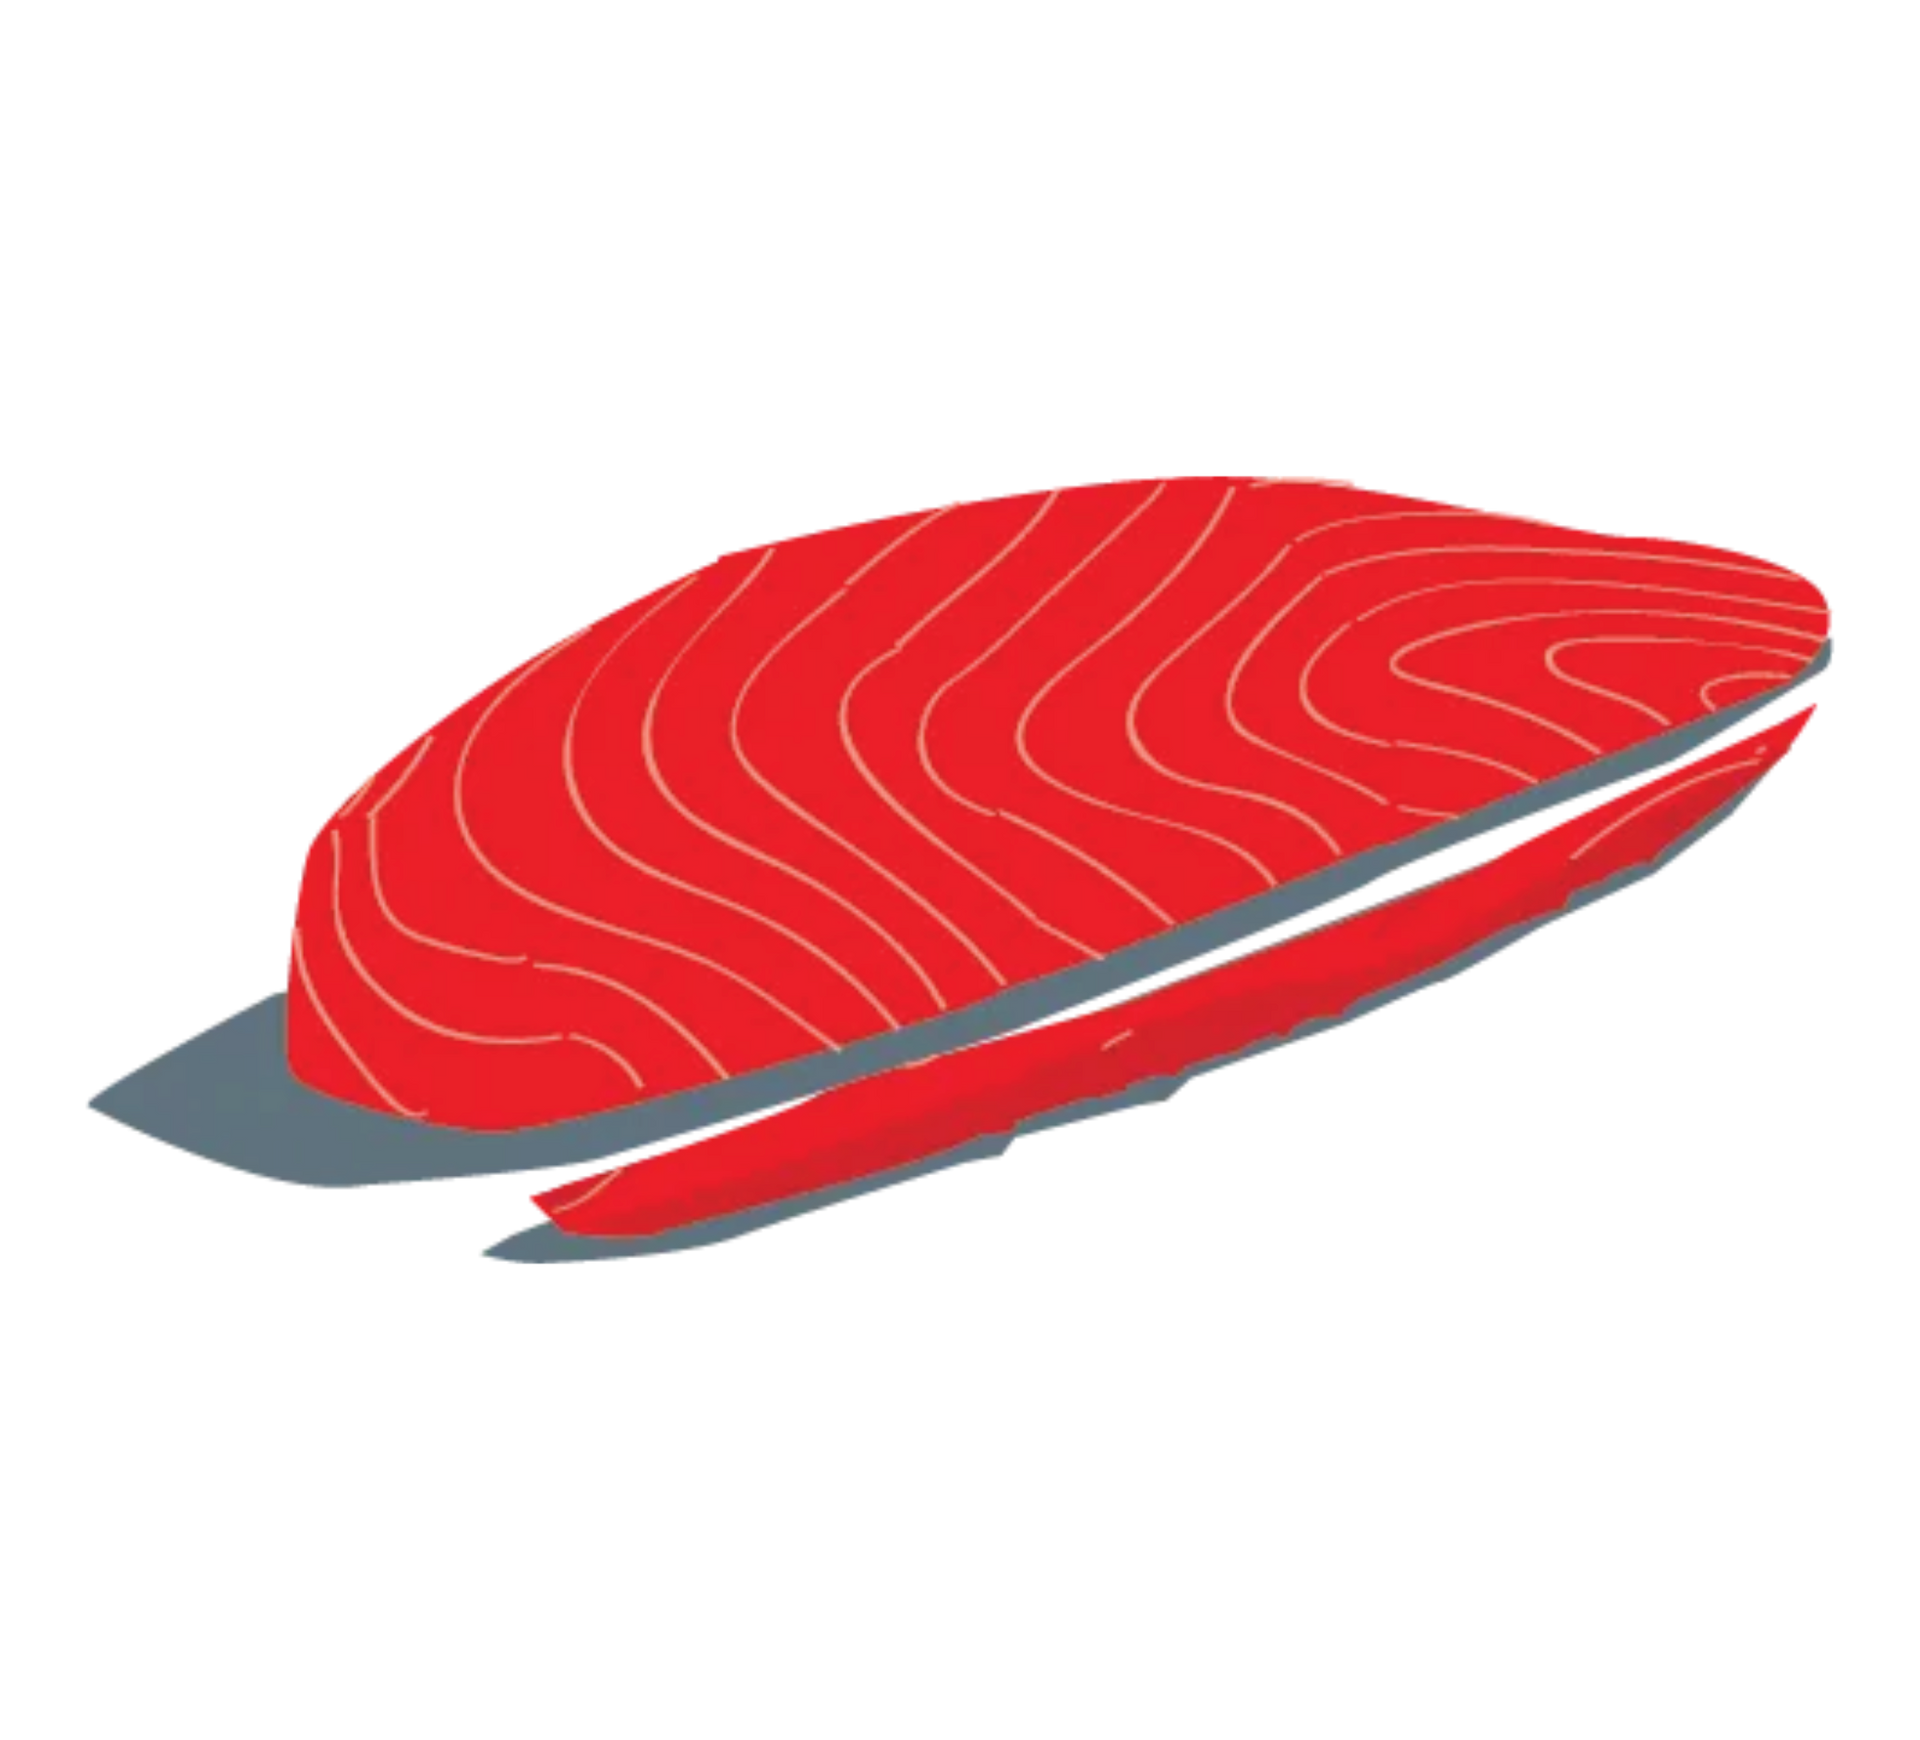 An illustration of a piece of salmon on a plate.
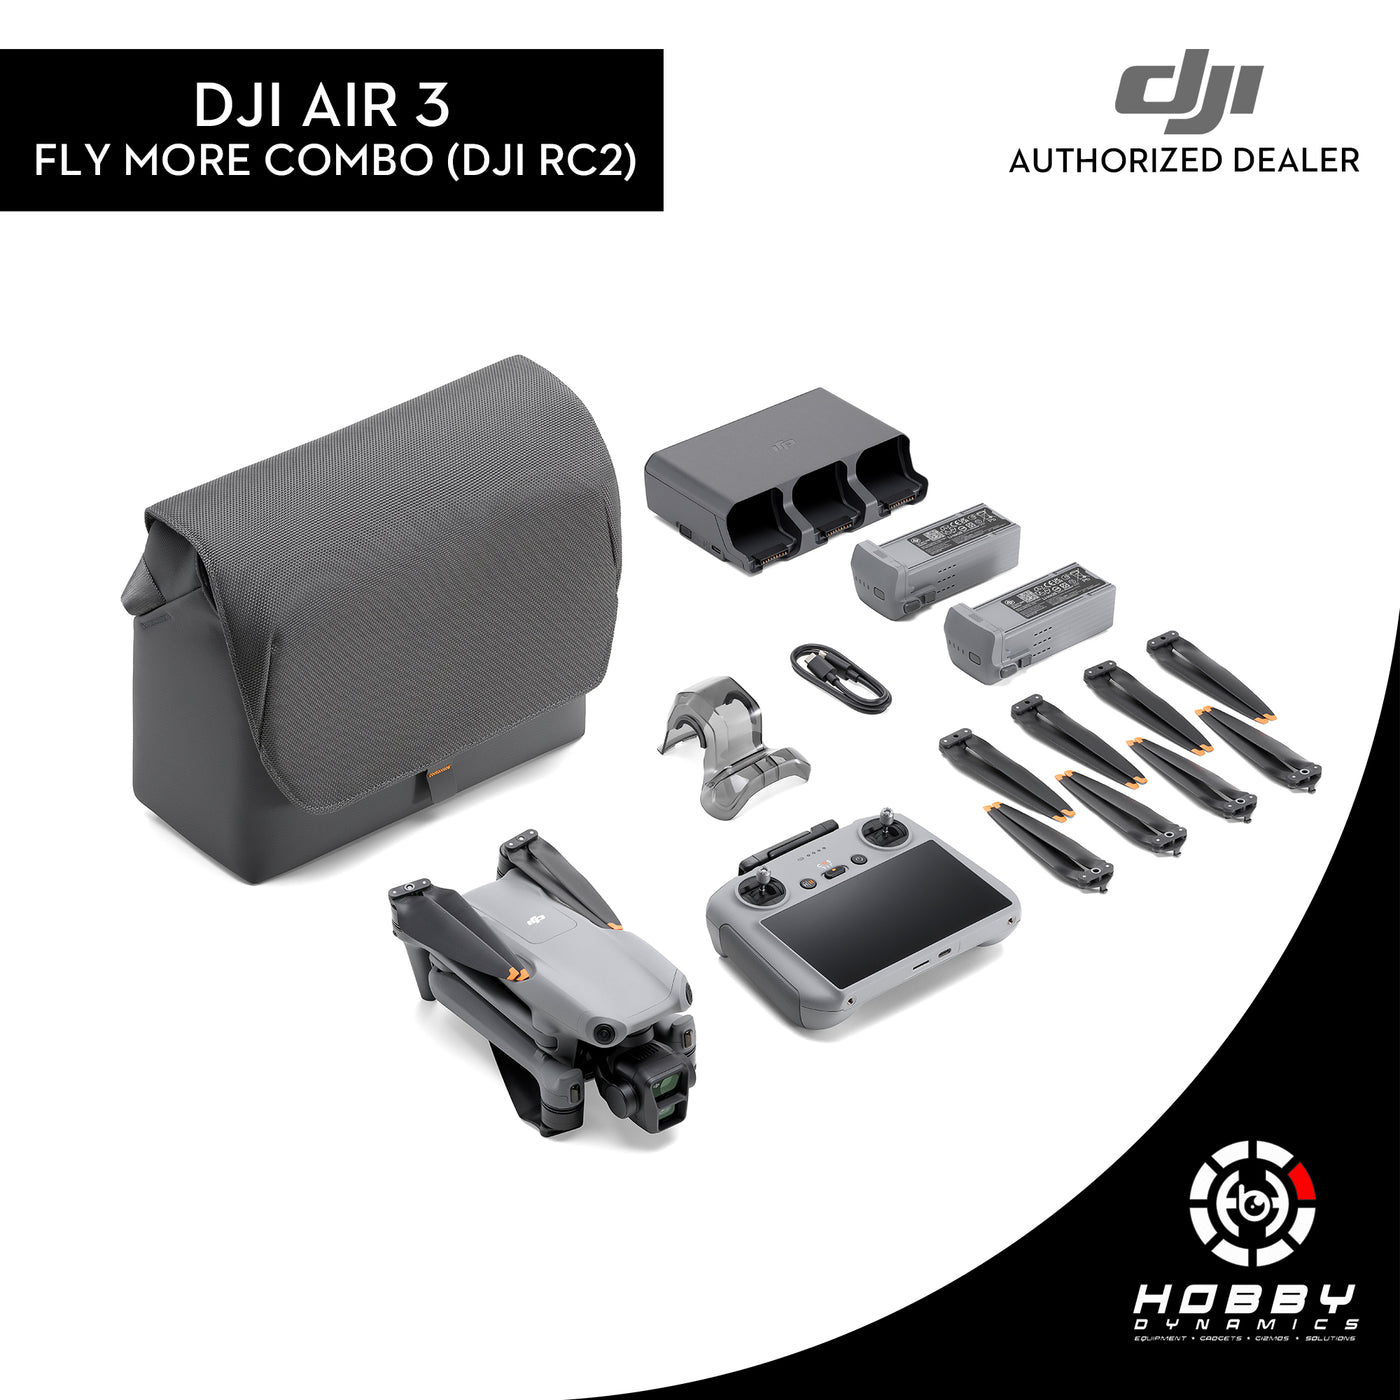 DJI Air 3 Fly More Combo w/ (DJI RC 2) with FREE Sandisk Extreme 64GB SD Card
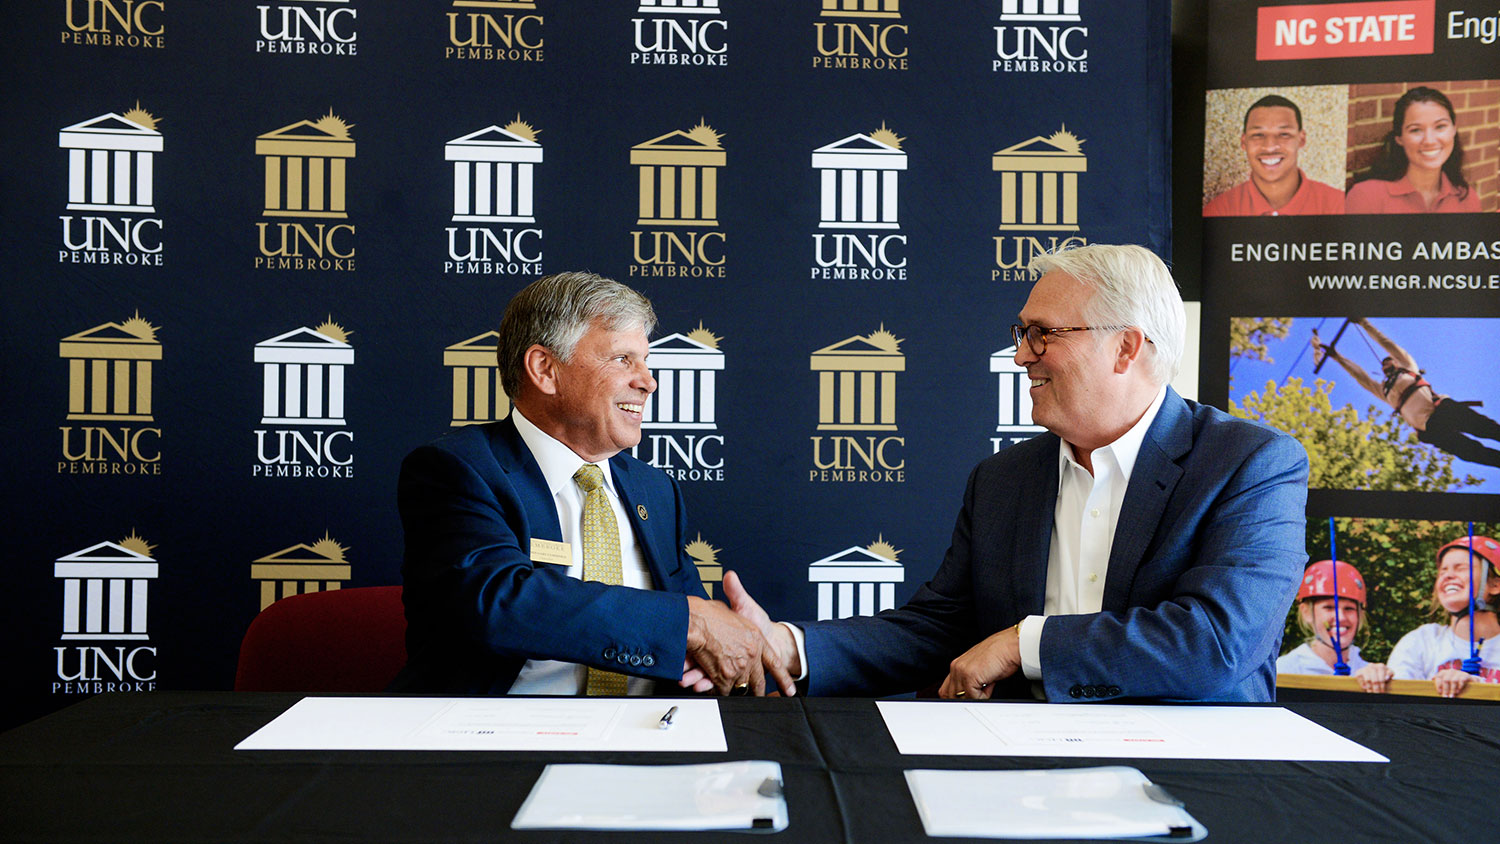 UNC Pembroke Chancellor Dr. Robin Gary Cummings, left, and NC State Chancellor Dr. Randy Woodson, right, shake hands after signing an agreement that creates a physics/engineering dual degree program between the two schools.
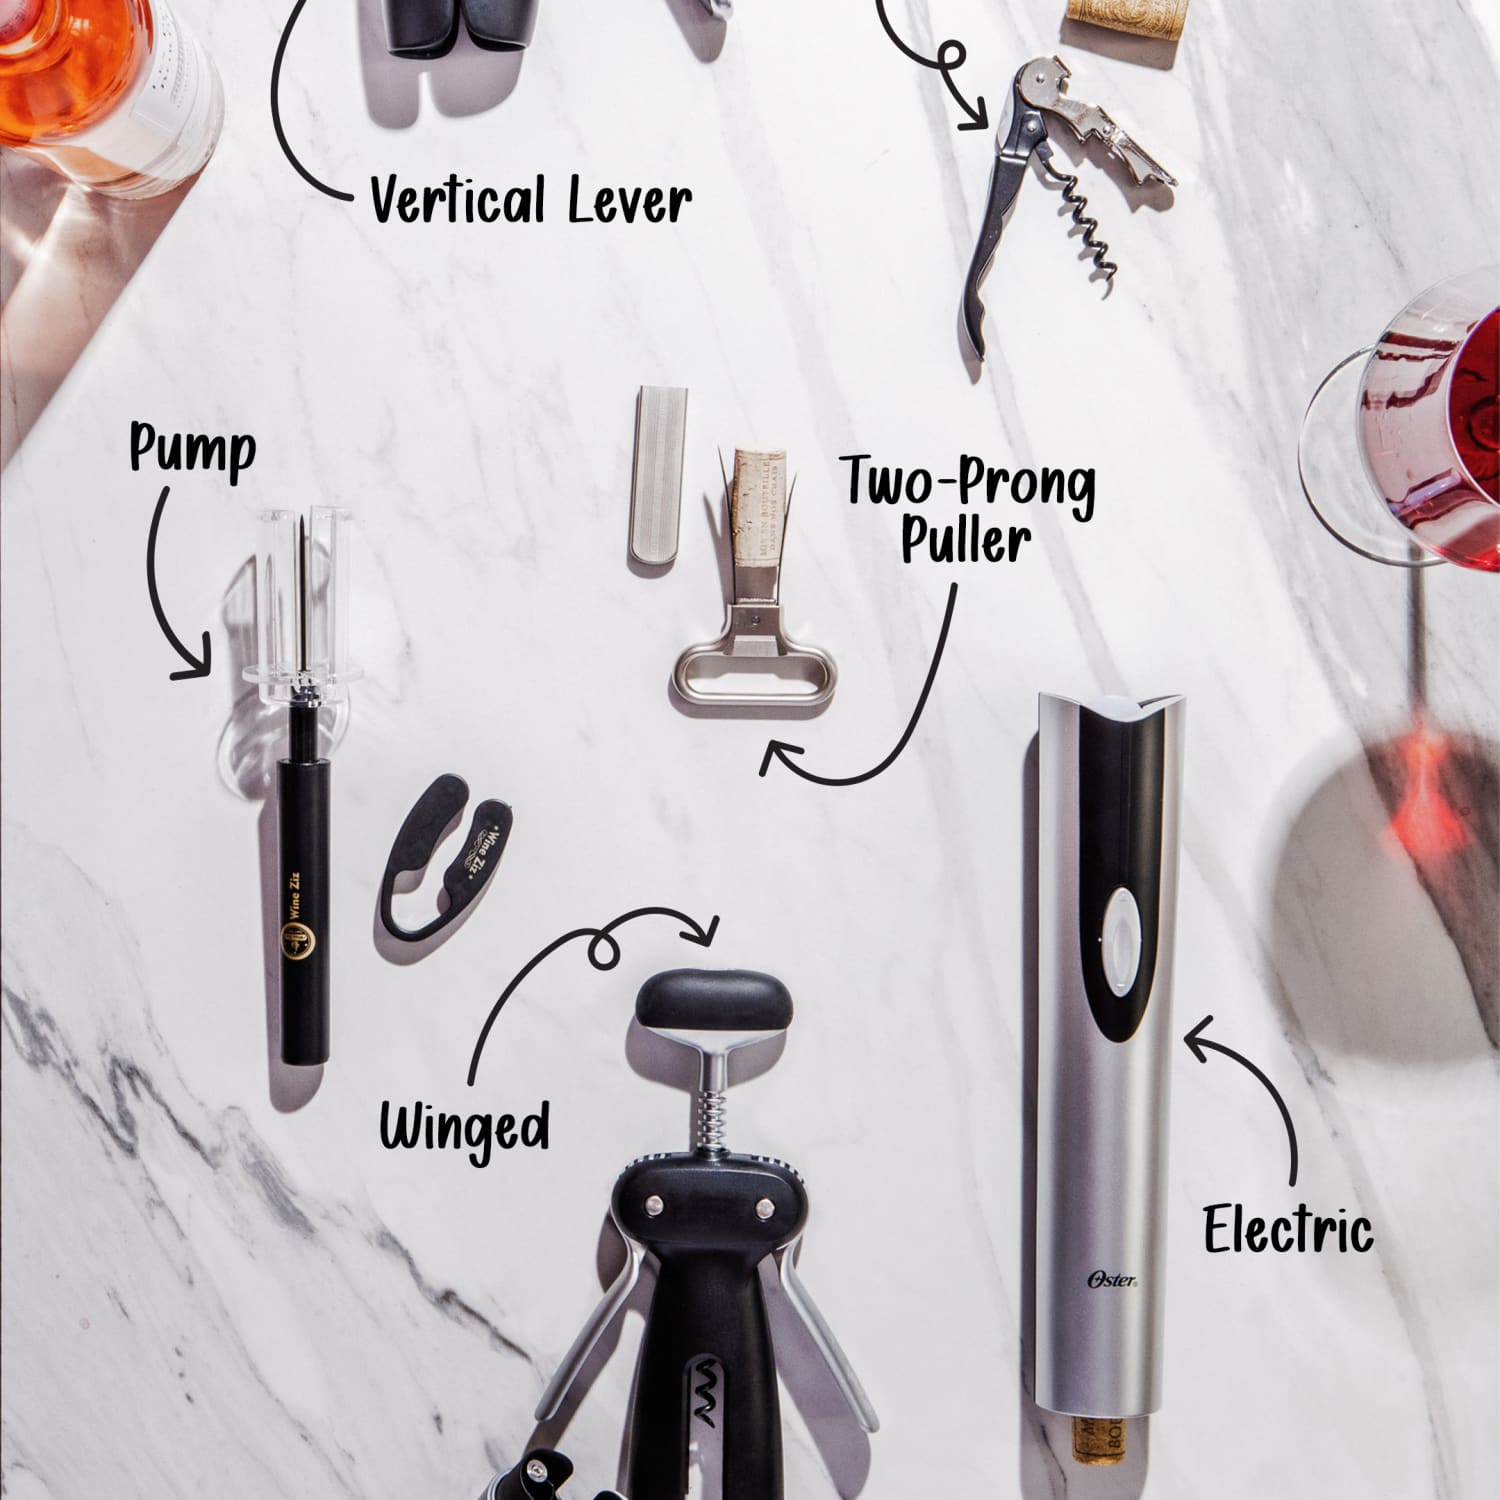 Wine Bottle Opener Types: Which Kind Is Right For You? %%sep%% %%sitename%%

§ **What is being asked**
Repeat, exactly and only, the lines from the one containing "UNC Pembroke Chancellor" through the final line of the data, both ends included, leaving out any picture.

§ **Solved problem**
 UNC Pembroke Chancellor Dr. Robin Gary Cummings, left, and NC State Chancellor Dr. Randy Woodson, right, shake hands after signing an agreement that creates a physics/engineering dual degree program between the two schools.
 Wine Bottle Opener Types: Which Kind Is Right For You? %%sep%% %%sitename%%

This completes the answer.